> [TASK TO CARRY OUT]
Give back the data below word for word. Any image in it should be left out.

DATA FOR ANALYSIS: Begin

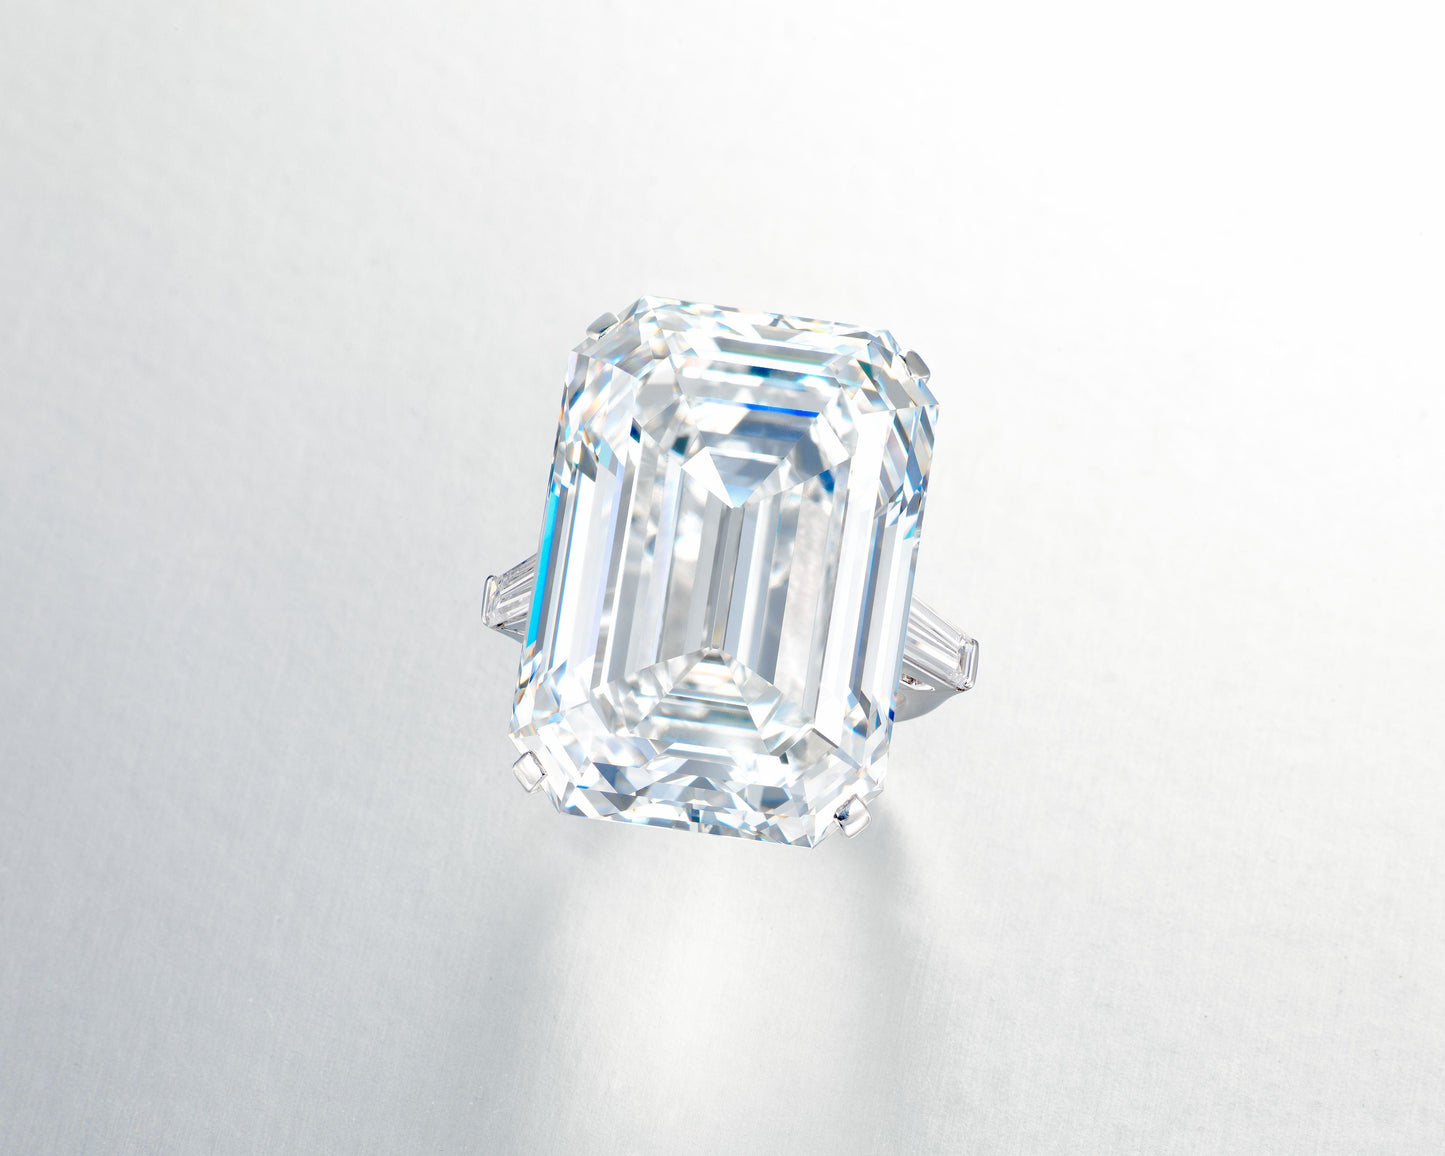 48.77 carat Emerald Cut Diamond Ring
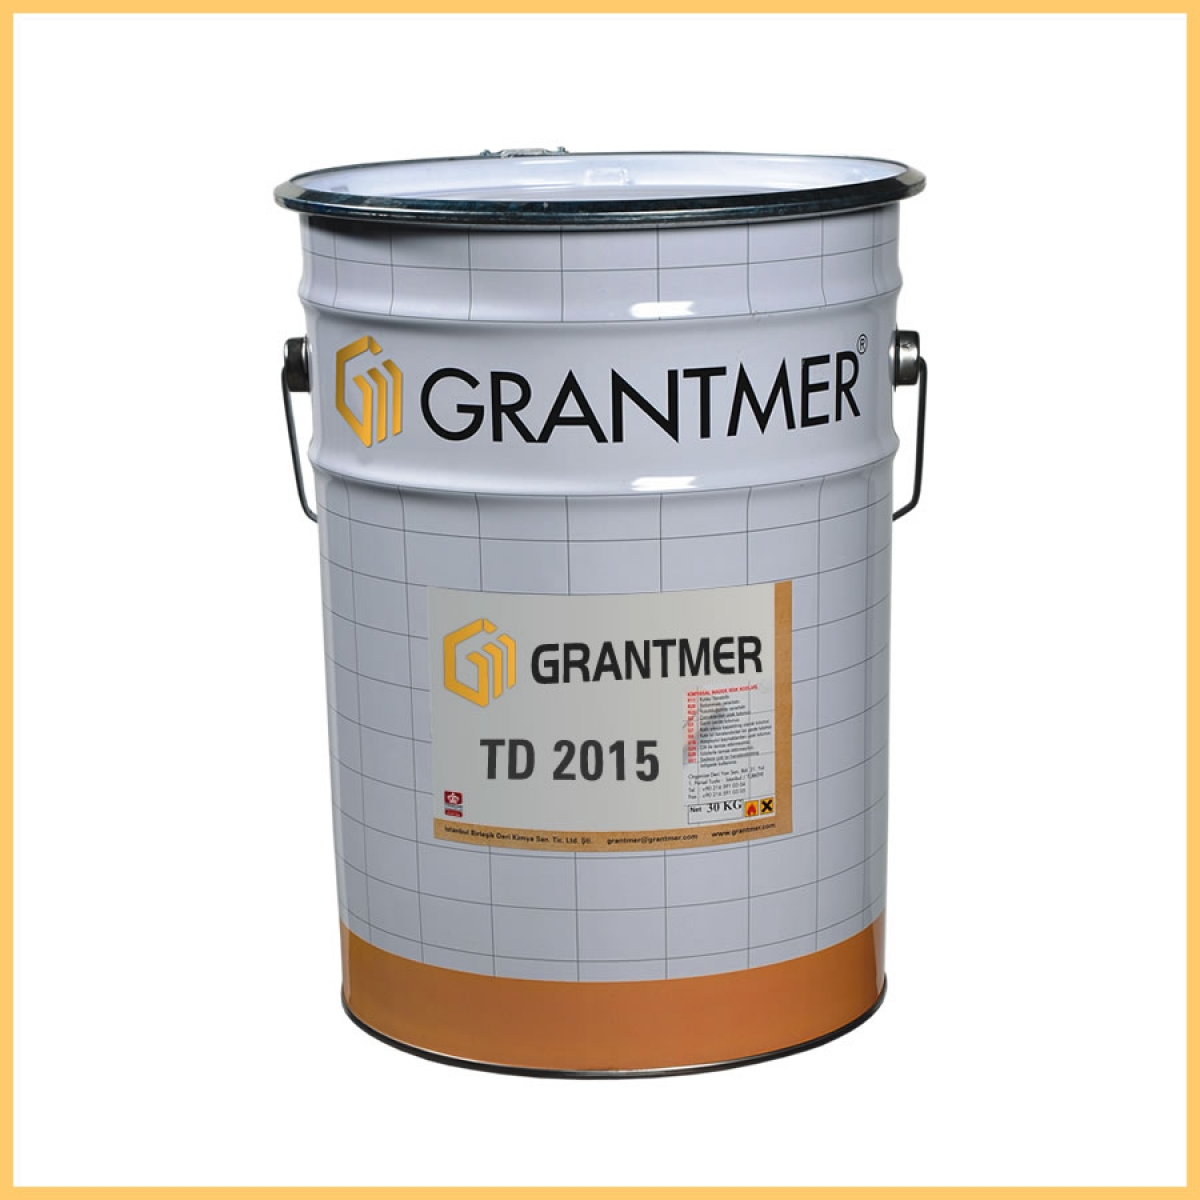 GRANTMER TD 2015
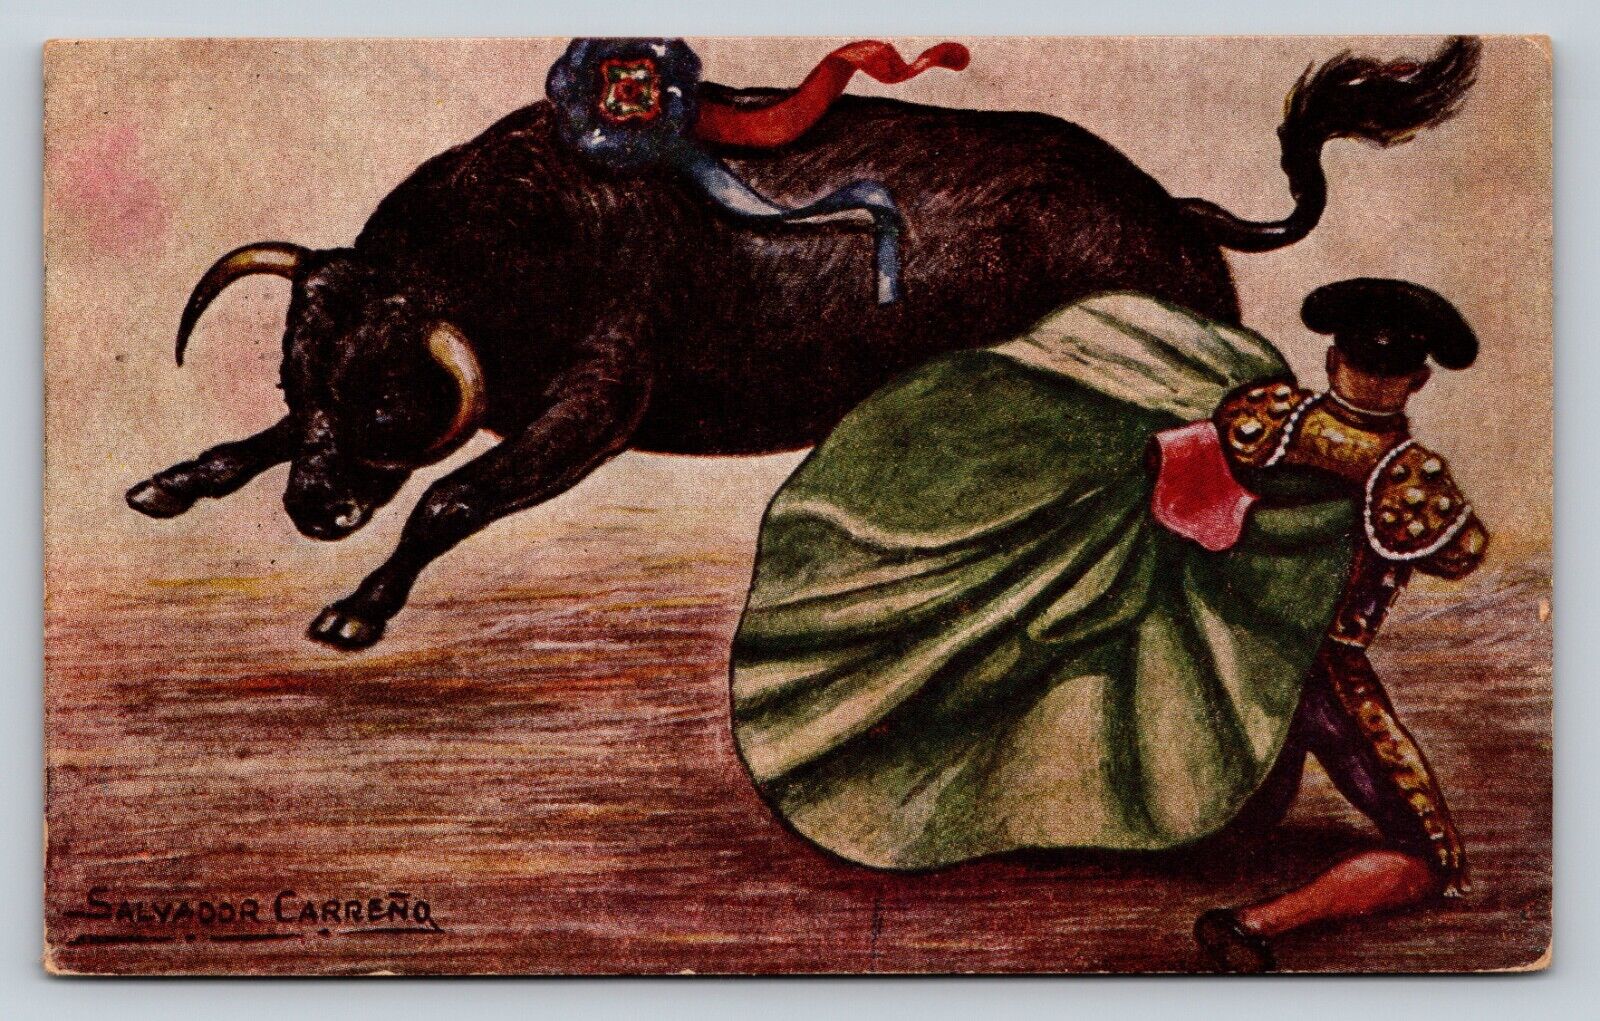 c1950s Salvador Carreña, Bull Fighting Matador Illustration VINTAGE Postcard 3c
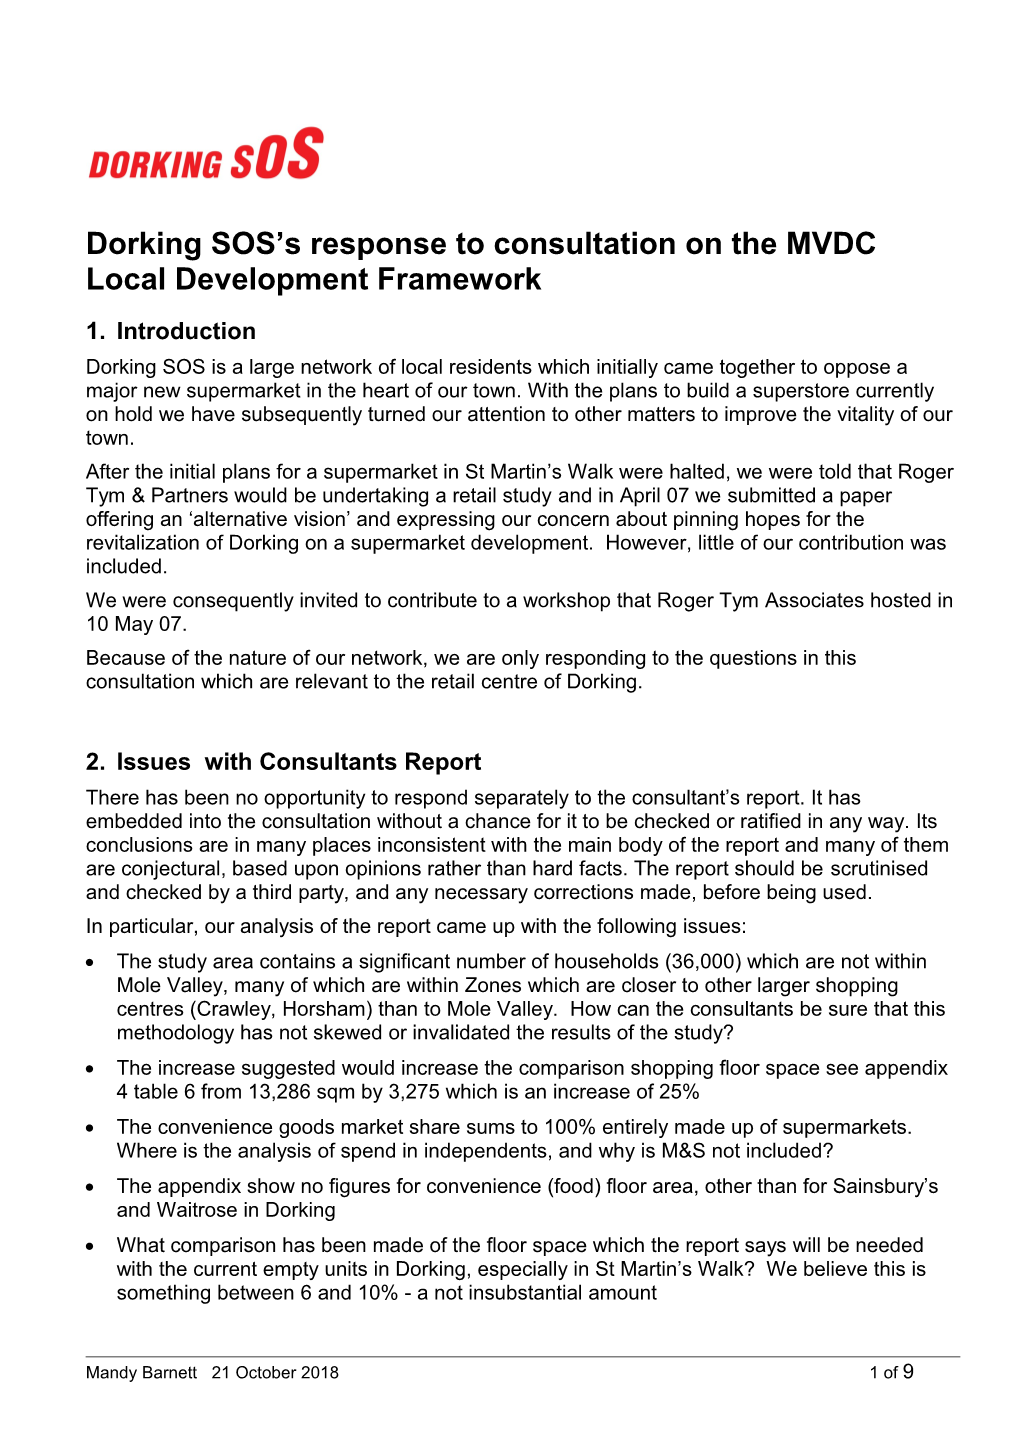 Dorking SOS S Response to Consultation on the MVDC Local Development Framework
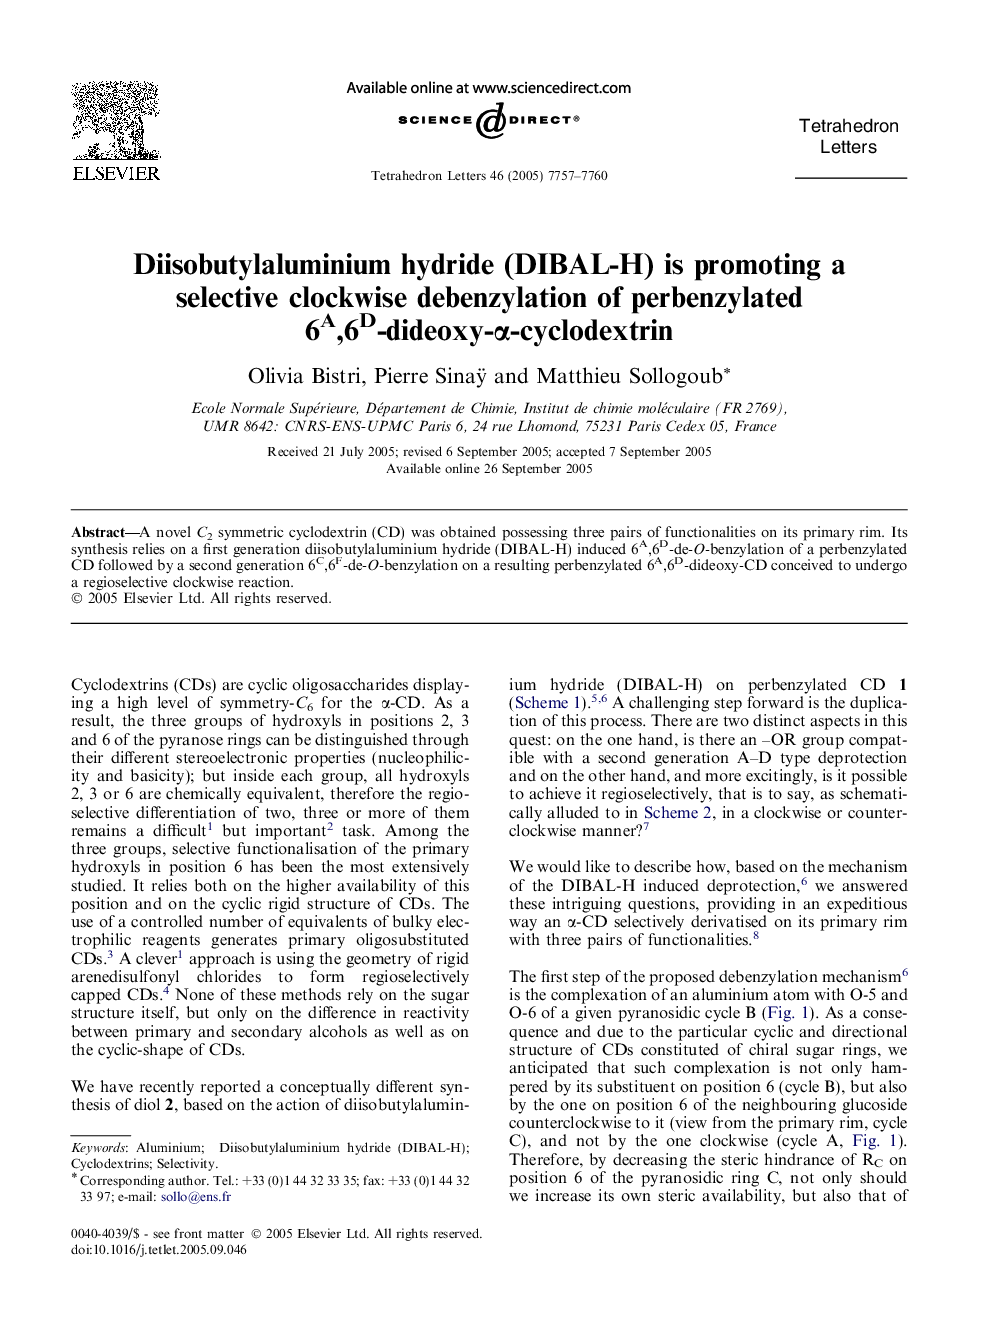 Diisobutylaluminium hydride (DIBAL-H) is promoting a selective clockwise debenzylation of perbenzylated 6A,6D-dideoxy-Î±-cyclodextrin

DATA FOR ANALYSIS: End

> [RESULT OF THIS TASK]
 48.77 carat Emerald Cut Diamond Ring
 GRANTMER TD 2015
 c1950s Salvador Carreña, Bull Fighting Matador Illustration VINTAGE Postcard 3c
 Dorking SOS S Response to Consultation on the MVDC Local Development Framework
 Diisobutylaluminium hydride (DIBAL-H) is promoting a selective clockwise debenzylation of perbenzylated 6A,6D-dideoxy-Î±-cyclodextrin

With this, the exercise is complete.